Since, then it's appearances continue to be spotty and it has not returned on a fleetwide basis. This might not be due to any covid-related issues directly, but covid may play a role.

On some ships, Studio B, which hosts "The Quest," has been used for show rehearsals. That has been more of an issue with the trouble Royal Caribbean has had in getting new crew members onboard. And while that staffing issue has been improving, some shows may not have had full complements of performers, so using the space for rehearsal has been a continuing need.

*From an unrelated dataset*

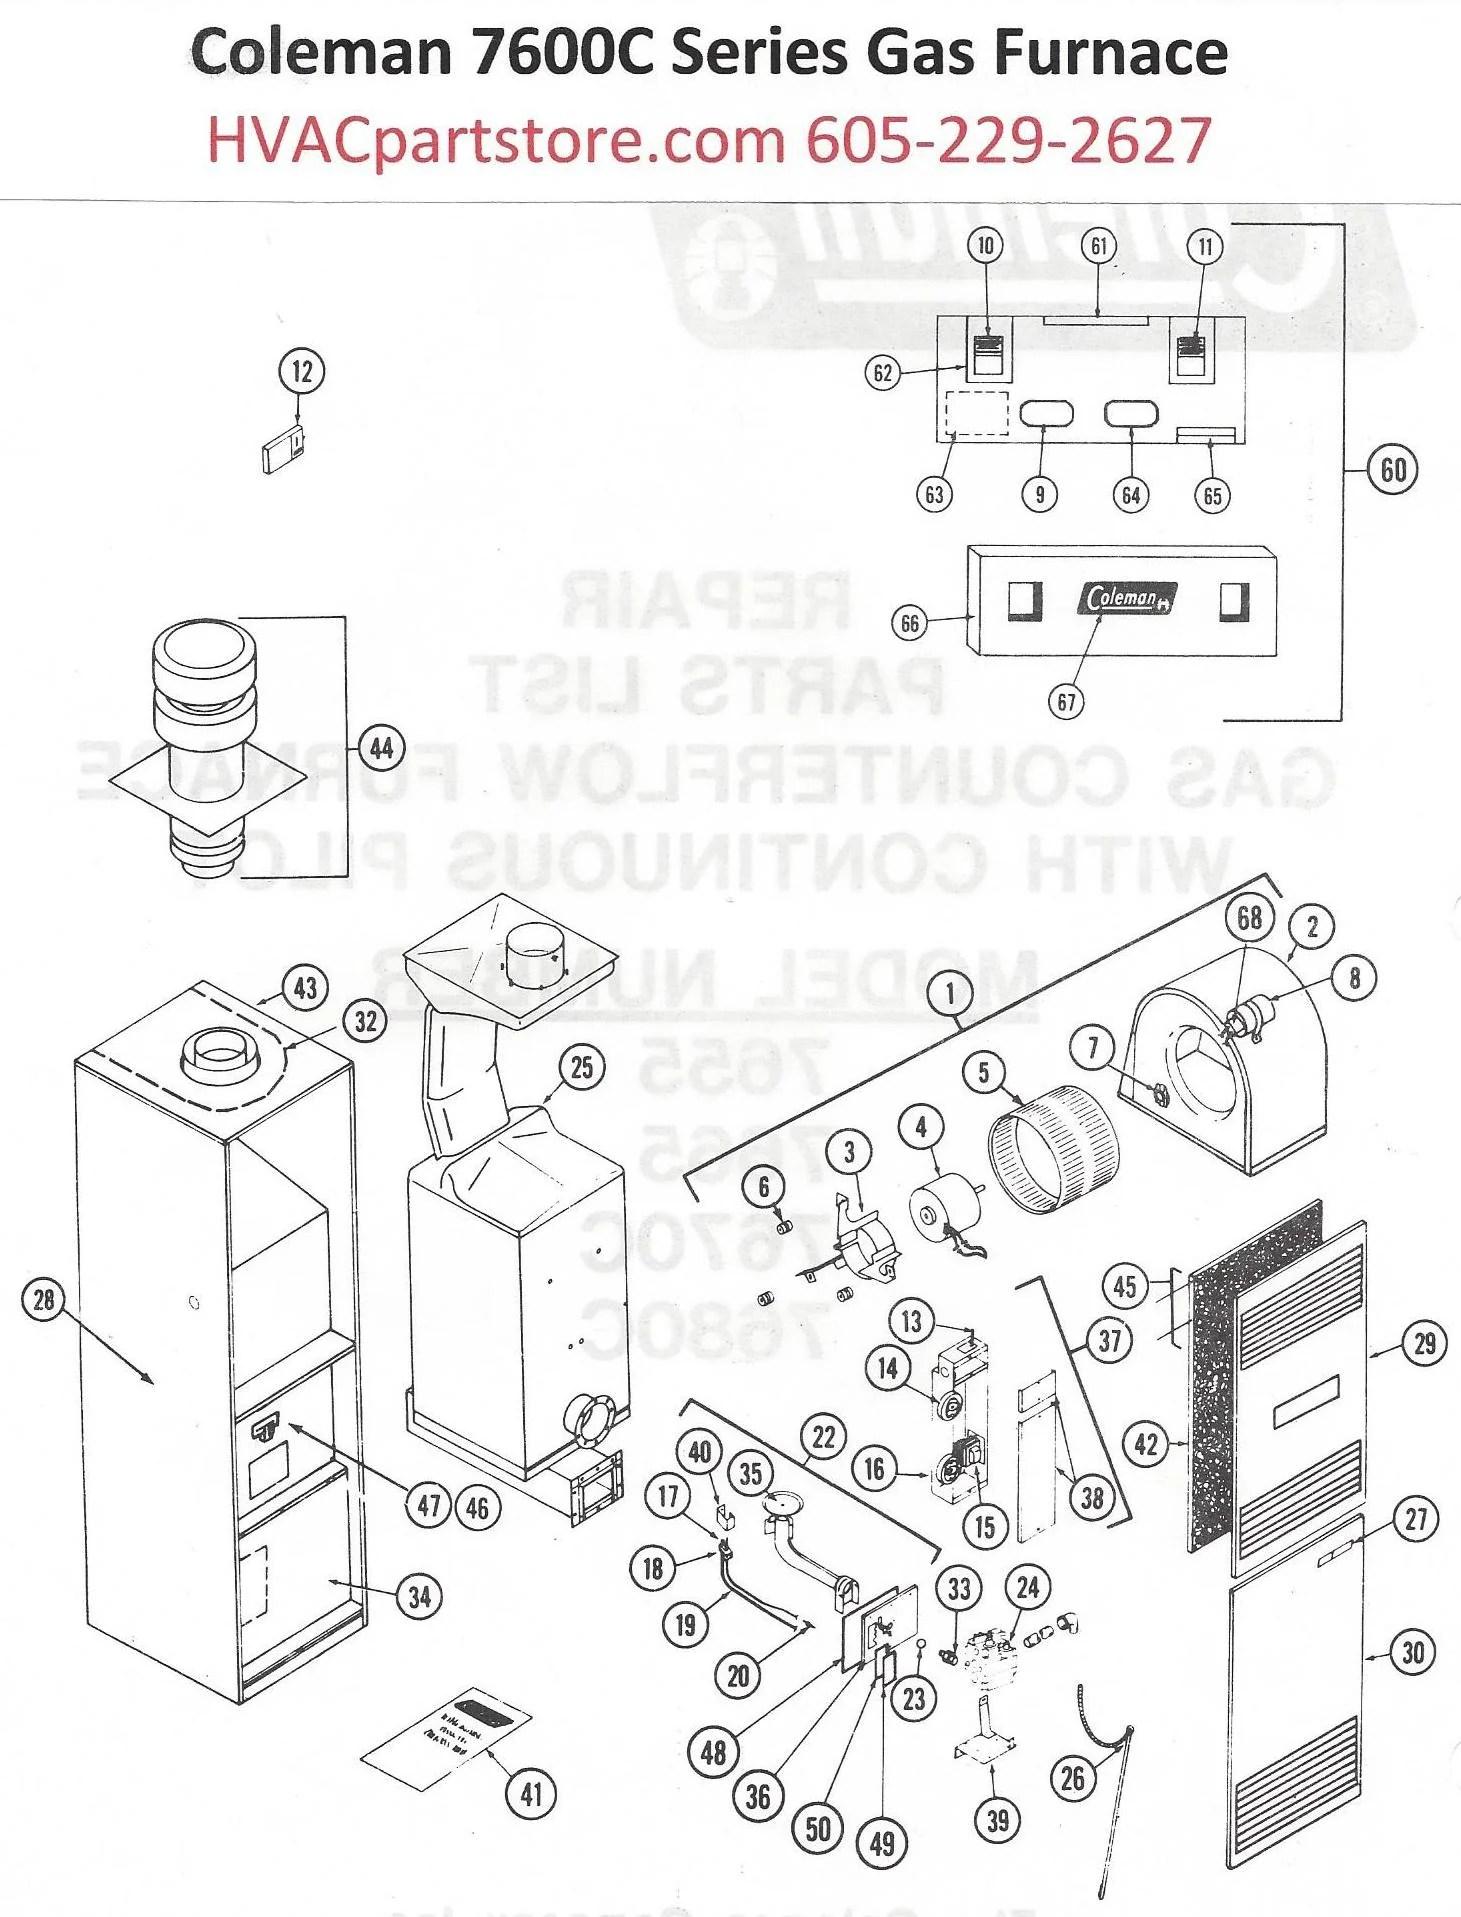 7670C856 Coleman Gas Furnace Parts  HVACpartstore

In addition, while covid rules have gone away, covid has not, and ill cast members may force the need for more rehearsals.

Royal Caribbean has not publicly commented on when (or whether) "The Quest" will make a full comeback

Royal Caribbean Balloon Drops Are Back   

Before the pandemic, Royal Caribbean kicked off many of its cruises with a balloon drop on the Royal Promenade. That went away because it forced people to cluster as music was performed and, at midnight, balloons fell from the ceiling.

Now, the cruise line has brought back the balloon drop, albeit with a twist. The drop itself is appearing on activity schedules for upcoming Royal Caribbean cruises. Immediately after it, however, the cruise line has added something new: "The Big Recycle Balloon Pickup."

Most of the dropped balloons get popped during the drop. Previously, crewmembers picked up the used balloons. Now, the cruise line has made it a "fun" passenger activity.

"Get environmentally friendly as you help us gather our 100% biodegradable balloons in recycle baskets," the cruise line shared in its app.